The word stirred memories she’d tried to bury, Christmas plans that never happened, a future that had simply evaporated.
She’d been so sure of Sinclair. But now, looking back, she realised how little she’d really known.
Silly, but she’d never even asked about his family.
A lump formed in her throat. ‘Sinclair vanished then.’ Her voice came out quieter than she intended. ‘Probably coincidence.’
Jack said nothing, but she sensed his attention sharpening.
‘The not knowing is worse than the betrayal,’ she whispered.
Then came the second wave; high explosives crashing down in quick succession.
Dust rained from the overhead pipes with each thunderous blast. She shut her eyes, feeling the solid warmth of his shoulder brushing hers as they huddled together.
The bombardment seemed to go on forever with wave after wave of destruction rolling over the city.
Eventually, the steady thrum of bombers began to fade, swallowed slowly by distance. Jack tilted his head slightly, listening. ‘They’re heading east,’ he said at last. ‘Skies will be clear now.’
When the all clear sounded, they emerged into a city of ash and fire.
She followed him out of the shelter in silence, shoes crunching over shattered glass and splintered brick.
The night smelled of scorched wood, mingled with the acrid bite of singed rubber.
The Thames glinted black beyond the rooftops, slick as oil under the fractured moonlight.
Fires burned in the distance, buildings lit from within like lanterns as firemen moved like ghosts through the haze.
A collapsed chimney jutted from the rubble like a snapped bone.
At least Jack’s car had survived. He drove her home through the carnage, his hands gripping the wheel, knuckles white.
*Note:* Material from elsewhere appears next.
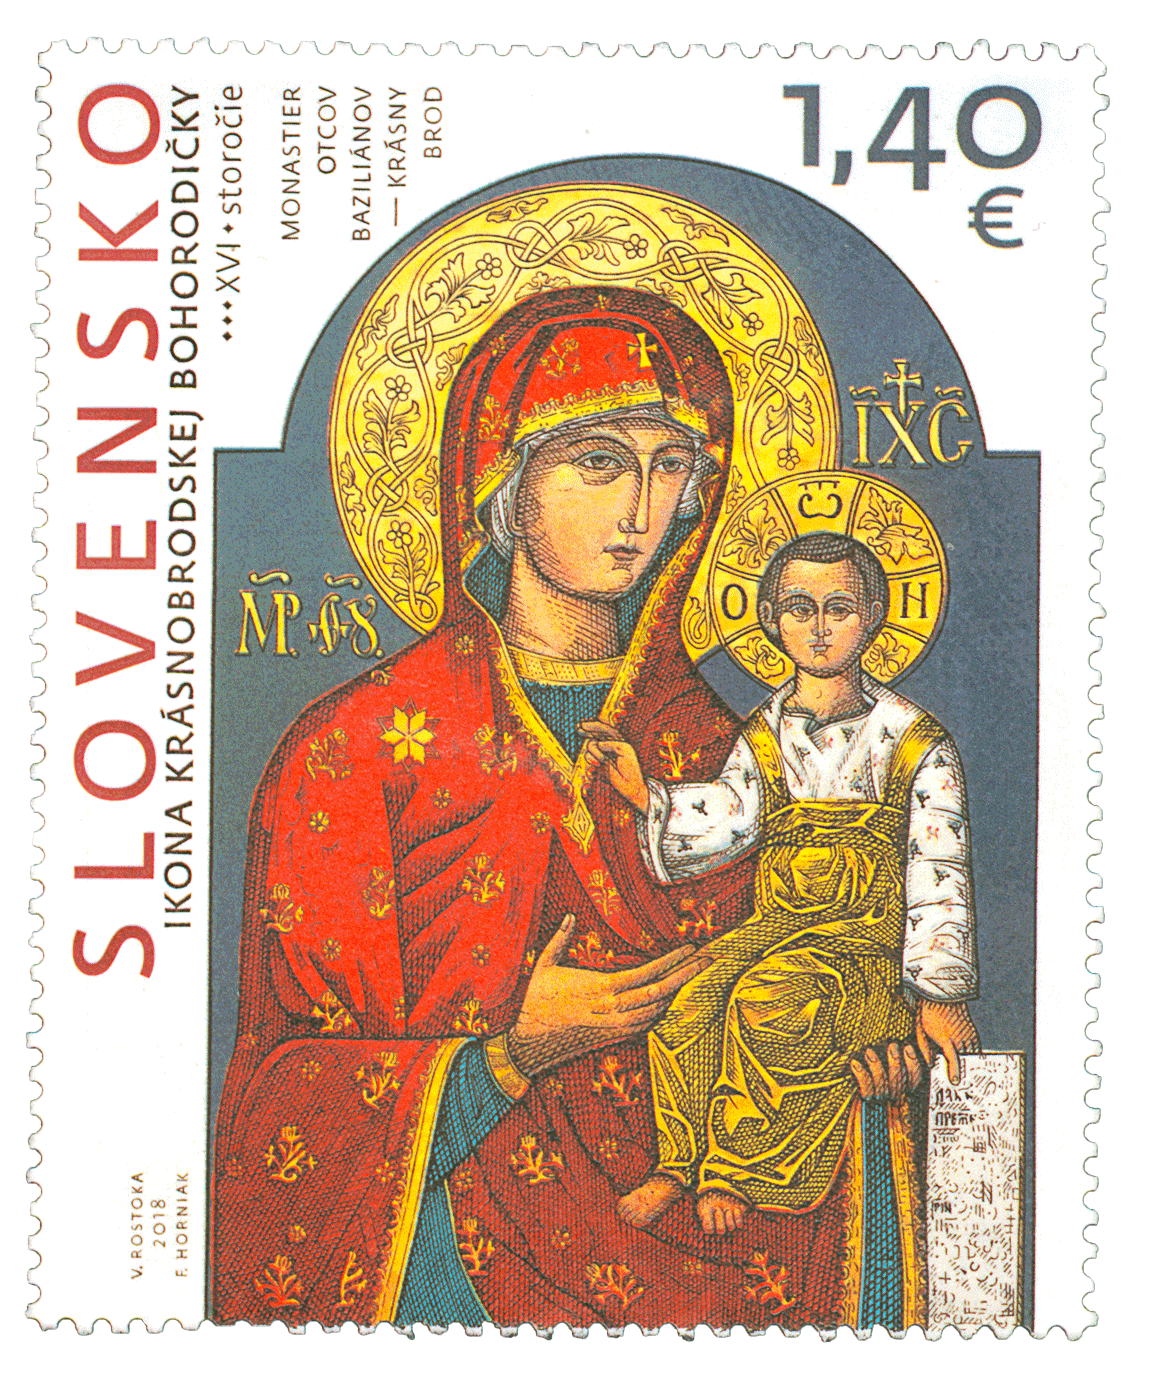 671 - ART: The Icon of Krásny Brod, The Mother of God
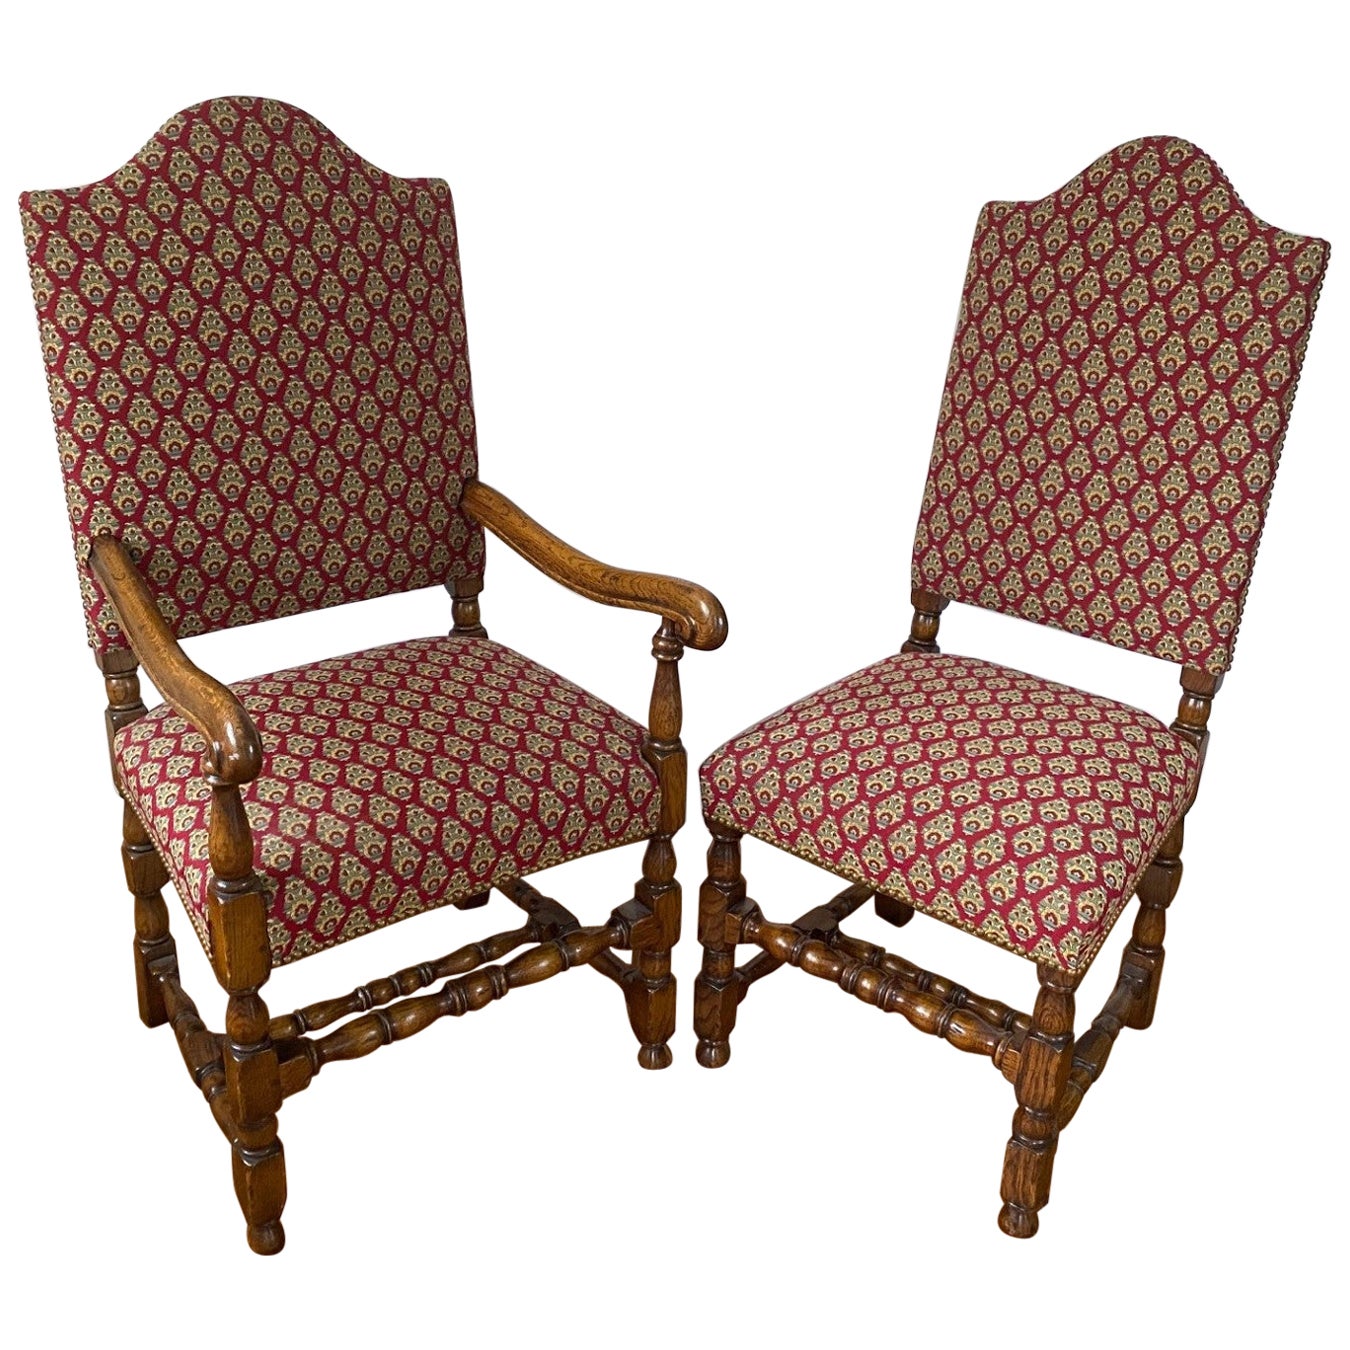 English-Made Late 17th Century Style Solid Oak High Back Side & Arm Chair For Sale

Ellie stared out of the window, watching the city pass by in broken flashes; rubble-strewn streets, buildings torn open like wounds, firemen battling the flames, hoses snaking across roads. People stood helplessly by, watching their lives burn.
She thought of Sinclair, of her father, of the name buried in that coded message. Every answer led to another question. As Jack pulled to a stop outside her building, she didn’t reach for the handle straight away.
‘Get some rest,’ he said.
Ellie nodded, though she was barely listening. As she slipped out of the car, she felt his gaze follow her all the way to the door. Sleep? After what she’d seen? Sabotage plans and her father’s name on a list. He wasn’t a suspect. Which meant he was most likely a target.